One install gives you both the CLI and the MCP server:

```bash
cargo install impactsense-parser
```

Binaries are placed in `~/.cargo/bin/`:

- `impactsense-parser` — CLI
- `impactsense-mcp` — MCP server for Cursor

Create `.cursor/mcp.json` in your project:

```json
{
  "mcpServers": {
    "impactsense": {
      "command": "/Users/YOUR_USER/.cargo/bin/impactsense-mcp",
      "args": ["--root", "${workspaceFolder}"]
    }
  }
}
```

Replace `YOUR_USER` with your username, or run `which impactsense-mcp` after install to get the exact path.
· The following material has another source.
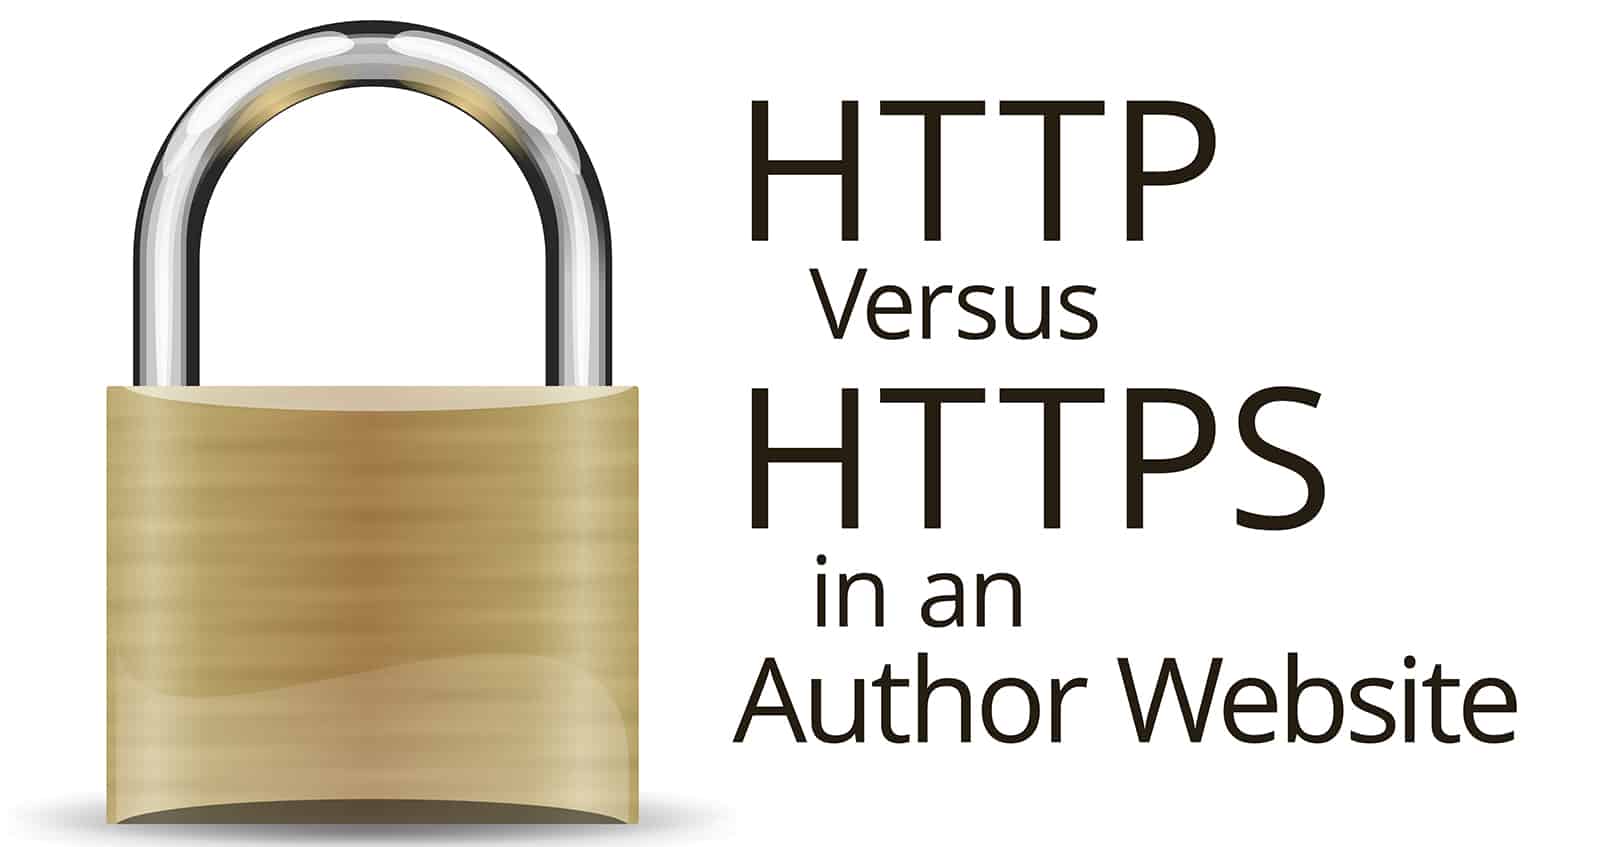 http versus https in an author website

Restart Cursor. The server parses your open workspace once at startup, then keeps the graph updated as you edit files.

### MCP tools

| Tool | Description |
|------|-------------|
| `find_symbol` | Search by name or FQN substring |
| `callers` / `callees` | Direct call graph neighbors |
| `file_dependencies` | Import/file deps for a path |
| `symbols_in_file` | Declared symbols in one file |
| `impact_analysis` | Transitive callers (bounded depth) |
| `graph_stats` | Node/edge counts |

The graph lives in MCP process memory. Restart MCP/Cursor to re-bootstrap after large branch switches.